Start of Block

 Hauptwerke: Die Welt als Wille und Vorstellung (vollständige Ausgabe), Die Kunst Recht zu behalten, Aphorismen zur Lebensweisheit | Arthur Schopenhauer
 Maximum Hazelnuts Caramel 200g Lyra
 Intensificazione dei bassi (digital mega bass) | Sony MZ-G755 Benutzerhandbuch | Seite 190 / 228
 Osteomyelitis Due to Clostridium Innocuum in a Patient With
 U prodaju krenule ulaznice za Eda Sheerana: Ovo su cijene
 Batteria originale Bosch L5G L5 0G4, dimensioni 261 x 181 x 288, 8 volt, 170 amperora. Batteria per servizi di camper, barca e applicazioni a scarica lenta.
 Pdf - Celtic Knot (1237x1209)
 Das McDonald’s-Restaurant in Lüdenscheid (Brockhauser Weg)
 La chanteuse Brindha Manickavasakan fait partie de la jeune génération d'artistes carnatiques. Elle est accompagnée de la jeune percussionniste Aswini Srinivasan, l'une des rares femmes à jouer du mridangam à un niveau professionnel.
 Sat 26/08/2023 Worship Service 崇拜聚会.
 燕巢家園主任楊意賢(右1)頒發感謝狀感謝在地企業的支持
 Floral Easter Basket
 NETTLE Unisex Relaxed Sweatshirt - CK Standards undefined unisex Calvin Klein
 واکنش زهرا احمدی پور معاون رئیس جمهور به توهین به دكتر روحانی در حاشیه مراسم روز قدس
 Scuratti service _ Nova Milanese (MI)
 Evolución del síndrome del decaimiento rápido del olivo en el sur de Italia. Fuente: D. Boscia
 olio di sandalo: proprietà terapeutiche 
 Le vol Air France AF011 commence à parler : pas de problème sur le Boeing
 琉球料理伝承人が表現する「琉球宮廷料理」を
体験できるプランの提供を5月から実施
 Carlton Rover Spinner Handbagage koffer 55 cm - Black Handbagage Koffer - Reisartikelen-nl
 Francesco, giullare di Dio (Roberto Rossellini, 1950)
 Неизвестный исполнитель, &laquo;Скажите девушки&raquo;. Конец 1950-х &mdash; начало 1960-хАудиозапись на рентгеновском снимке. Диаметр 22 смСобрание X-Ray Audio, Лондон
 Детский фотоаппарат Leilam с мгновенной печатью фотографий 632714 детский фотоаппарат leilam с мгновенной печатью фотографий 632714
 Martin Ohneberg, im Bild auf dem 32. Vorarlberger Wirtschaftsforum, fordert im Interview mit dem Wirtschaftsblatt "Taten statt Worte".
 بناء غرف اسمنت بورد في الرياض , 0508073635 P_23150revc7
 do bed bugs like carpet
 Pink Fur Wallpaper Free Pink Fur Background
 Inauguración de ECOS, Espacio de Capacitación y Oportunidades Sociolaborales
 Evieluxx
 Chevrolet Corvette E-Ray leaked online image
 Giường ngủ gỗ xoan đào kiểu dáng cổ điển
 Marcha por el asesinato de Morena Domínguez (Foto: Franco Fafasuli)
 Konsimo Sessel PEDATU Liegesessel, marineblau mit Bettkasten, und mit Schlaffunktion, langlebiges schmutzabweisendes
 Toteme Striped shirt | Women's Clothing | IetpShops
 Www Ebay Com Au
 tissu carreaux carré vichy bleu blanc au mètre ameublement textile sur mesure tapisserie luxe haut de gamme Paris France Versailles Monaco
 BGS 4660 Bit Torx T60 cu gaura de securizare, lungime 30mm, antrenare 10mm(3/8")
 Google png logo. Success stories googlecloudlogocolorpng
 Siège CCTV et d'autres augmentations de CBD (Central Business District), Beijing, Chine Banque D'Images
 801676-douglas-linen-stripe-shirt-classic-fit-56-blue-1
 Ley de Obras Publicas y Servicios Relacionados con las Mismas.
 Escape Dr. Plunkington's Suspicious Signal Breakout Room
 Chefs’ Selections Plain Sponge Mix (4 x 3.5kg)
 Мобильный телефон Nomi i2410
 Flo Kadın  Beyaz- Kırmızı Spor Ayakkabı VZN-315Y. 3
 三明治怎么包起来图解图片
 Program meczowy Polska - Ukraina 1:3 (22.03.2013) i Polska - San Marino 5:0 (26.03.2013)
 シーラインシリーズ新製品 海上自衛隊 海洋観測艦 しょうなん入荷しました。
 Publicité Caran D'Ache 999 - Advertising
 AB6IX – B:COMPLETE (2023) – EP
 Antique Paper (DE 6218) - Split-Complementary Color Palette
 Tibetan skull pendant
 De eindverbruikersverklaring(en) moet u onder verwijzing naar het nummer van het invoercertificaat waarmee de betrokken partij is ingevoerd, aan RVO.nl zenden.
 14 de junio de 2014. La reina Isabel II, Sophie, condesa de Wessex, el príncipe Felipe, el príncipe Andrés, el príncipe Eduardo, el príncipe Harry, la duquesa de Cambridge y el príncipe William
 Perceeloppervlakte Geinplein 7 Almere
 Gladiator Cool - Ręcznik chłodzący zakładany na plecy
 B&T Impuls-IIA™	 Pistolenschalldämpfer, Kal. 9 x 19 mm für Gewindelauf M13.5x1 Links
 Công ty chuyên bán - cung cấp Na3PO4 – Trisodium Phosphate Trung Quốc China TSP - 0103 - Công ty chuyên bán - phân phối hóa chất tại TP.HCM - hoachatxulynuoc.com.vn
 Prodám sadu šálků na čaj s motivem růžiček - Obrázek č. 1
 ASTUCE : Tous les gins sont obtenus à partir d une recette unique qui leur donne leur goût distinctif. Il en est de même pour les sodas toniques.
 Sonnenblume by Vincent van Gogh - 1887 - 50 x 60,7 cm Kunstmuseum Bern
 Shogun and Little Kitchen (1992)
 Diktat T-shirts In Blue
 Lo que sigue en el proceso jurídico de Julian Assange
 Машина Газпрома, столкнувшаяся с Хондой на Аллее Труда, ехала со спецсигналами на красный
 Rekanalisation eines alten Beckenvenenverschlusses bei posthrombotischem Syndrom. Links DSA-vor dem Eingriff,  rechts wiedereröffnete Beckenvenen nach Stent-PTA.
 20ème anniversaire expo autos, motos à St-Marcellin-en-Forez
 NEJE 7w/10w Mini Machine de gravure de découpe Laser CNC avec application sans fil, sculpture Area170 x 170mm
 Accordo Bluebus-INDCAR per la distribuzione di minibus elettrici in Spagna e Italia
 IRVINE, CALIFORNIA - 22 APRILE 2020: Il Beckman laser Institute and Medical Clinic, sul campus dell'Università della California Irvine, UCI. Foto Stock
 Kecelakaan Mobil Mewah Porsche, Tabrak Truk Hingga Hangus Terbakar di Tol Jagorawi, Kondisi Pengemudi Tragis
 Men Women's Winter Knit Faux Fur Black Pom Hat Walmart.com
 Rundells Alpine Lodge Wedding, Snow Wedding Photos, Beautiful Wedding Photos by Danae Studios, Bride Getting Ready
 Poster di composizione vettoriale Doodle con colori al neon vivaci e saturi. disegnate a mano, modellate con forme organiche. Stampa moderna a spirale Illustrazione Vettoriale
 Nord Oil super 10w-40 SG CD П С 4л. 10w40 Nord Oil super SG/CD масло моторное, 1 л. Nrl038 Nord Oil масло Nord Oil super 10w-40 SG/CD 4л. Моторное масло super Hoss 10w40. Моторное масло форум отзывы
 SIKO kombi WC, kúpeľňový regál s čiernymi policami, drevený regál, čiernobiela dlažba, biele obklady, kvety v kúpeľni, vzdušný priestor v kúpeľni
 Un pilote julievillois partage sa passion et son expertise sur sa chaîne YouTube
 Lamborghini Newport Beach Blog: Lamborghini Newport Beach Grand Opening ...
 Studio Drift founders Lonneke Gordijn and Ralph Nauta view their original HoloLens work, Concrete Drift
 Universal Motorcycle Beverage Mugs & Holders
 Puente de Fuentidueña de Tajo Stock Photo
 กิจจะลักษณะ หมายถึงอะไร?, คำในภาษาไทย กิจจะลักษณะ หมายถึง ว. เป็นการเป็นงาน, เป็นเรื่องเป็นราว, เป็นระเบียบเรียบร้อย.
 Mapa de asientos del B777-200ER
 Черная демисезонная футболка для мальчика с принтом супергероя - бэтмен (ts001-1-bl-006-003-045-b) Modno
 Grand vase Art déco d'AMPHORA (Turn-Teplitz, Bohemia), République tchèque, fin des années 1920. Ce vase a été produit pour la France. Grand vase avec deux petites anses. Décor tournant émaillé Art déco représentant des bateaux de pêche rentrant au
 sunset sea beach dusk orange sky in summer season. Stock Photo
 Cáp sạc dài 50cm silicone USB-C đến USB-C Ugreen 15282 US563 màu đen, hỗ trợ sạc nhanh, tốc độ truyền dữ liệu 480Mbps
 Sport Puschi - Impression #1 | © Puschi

End of Block

About this exercise: Only the lines from the one containing "Konsimo Sessel PEDATU" through the one containing "Gladiator Cool - Ręcznik" are to be retyped, both boundary lines included, with no other material.

Solution below:
 Konsimo Sessel PEDATU Liegesessel, marineblau mit Bettkasten, und mit Schlaffunktion, langlebiges schmutzabweisendes
 Toteme Striped shirt | Women's Clothing | IetpShops
 Www Ebay Com Au
 tissu carreaux carré vichy bleu blanc au mètre ameublement textile sur mesure tapisserie luxe haut de gamme Paris France Versailles Monaco
 BGS 4660 Bit Torx T60 cu gaura de securizare, lungime 30mm, antrenare 10mm(3/8")
 Google png logo. Success stories googlecloudlogocolorpng
 Siège CCTV et d'autres augmentations de CBD (Central Business District), Beijing, Chine Banque D'Images
 801676-douglas-linen-stripe-shirt-classic-fit-56-blue-1
 Ley de Obras Publicas y Servicios Relacionados con las Mismas.
 Escape Dr. Plunkington's Suspicious Signal Breakout Room
 Chefs’ Selections Plain Sponge Mix (4 x 3.5kg)
 Мобильный телефон Nomi i2410
 Flo Kadın  Beyaz- Kırmızı Spor Ayakkabı VZN-315Y. 3
 三明治怎么包起来图解图片
 Program meczowy Polska - Ukraina 1:3 (22.03.2013) i Polska - San Marino 5:0 (26.03.2013)
 シーラインシリーズ新製品 海上自衛隊 海洋観測艦 しょうなん入荷しました。
 Publicité Caran D'Ache 999 - Advertising
 AB6IX – B:COMPLETE (2023) – EP
 Antique Paper (DE 6218) - Split-Complementary Color Palette
 Tibetan skull pendant
 De eindverbruikersverklaring(en) moet u onder verwijzing naar het nummer van het invoercertificaat waarmee de betrokken partij is ingevoerd, aan RVO.nl zenden.
 14 de junio de 2014. La reina Isabel II, Sophie, condesa de Wessex, el príncipe Felipe, el príncipe Andrés, el príncipe Eduardo, el príncipe Harry, la duquesa de Cambridge y el príncipe William
 Perceeloppervlakte Geinplein 7 Almere
 Gladiator Cool - Ręcznik chłodzący zakładany na plecy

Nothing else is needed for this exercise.